Conservative MP Kellie Leitch will not run for a seat again in next year’s election. The pediatric orthopedic surgeon first took office in 2011, and she’ll likely be best remembered for trying to jump on the Trump train, shamelessly.
Leitch launched her long-shot candidacy in 2016 hinging on a Trumpian approach, pandering to the alt-right alongside her campaign manager Nick Kouvalis (who helped Toronto mayors Rob Ford and John Tory get elected). She lost the leadership to Andrew Scheer in May last year, and he did not include her in his shadow cabinet.
While I love seeing women of all stripes in politics, the destructive nature of Leitch’s shallow, divisive rhetoric means I’m not sad to see her go.
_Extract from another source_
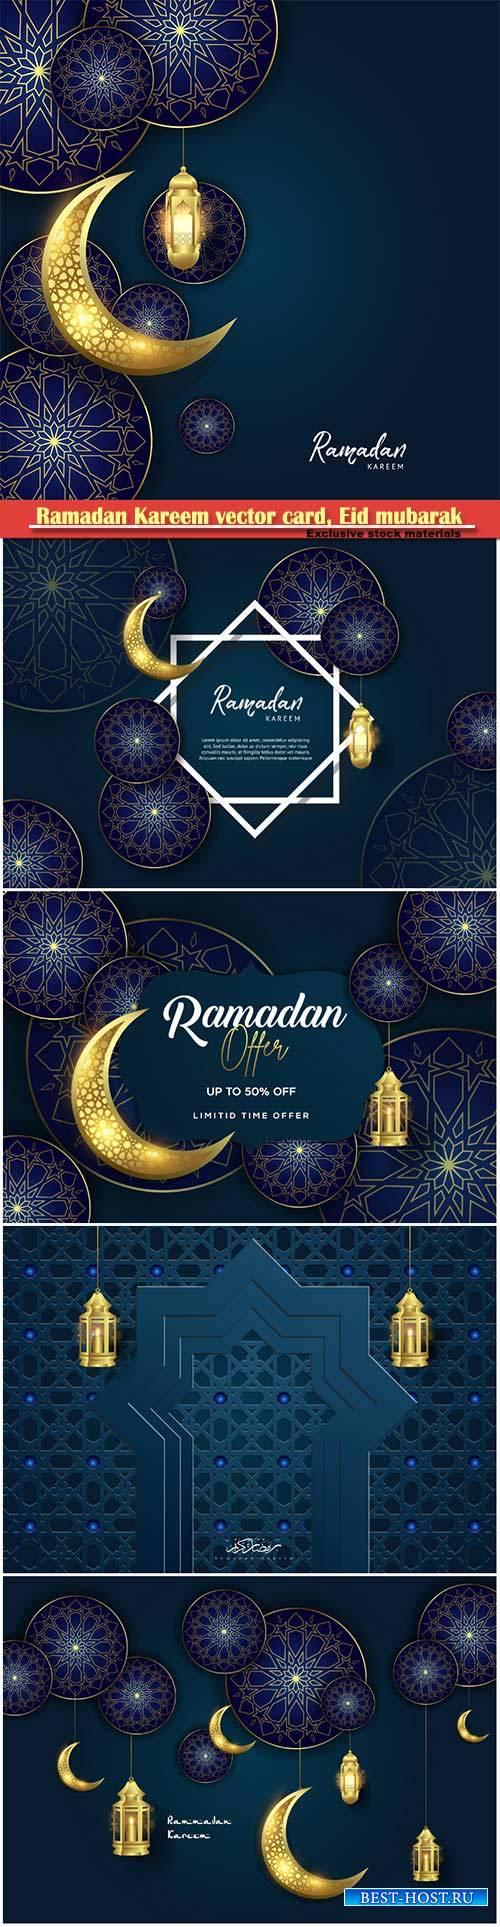 Ramadan Kareem vector card, Eid mubarak calligraphy design templates # 13

Here are five reasons why.
She proposed a snitch line for “barbaric cultural practices”
Along with Chris Alexander — a former minister of citizenship and immigration — she co-led a proposal for a “barbaric cultural practices” hotline, where Canadians could report (already illegal) behaviour in their neighbourhoods, like the forced marriage of young girls.
Her crusade against “anti-Canadian values”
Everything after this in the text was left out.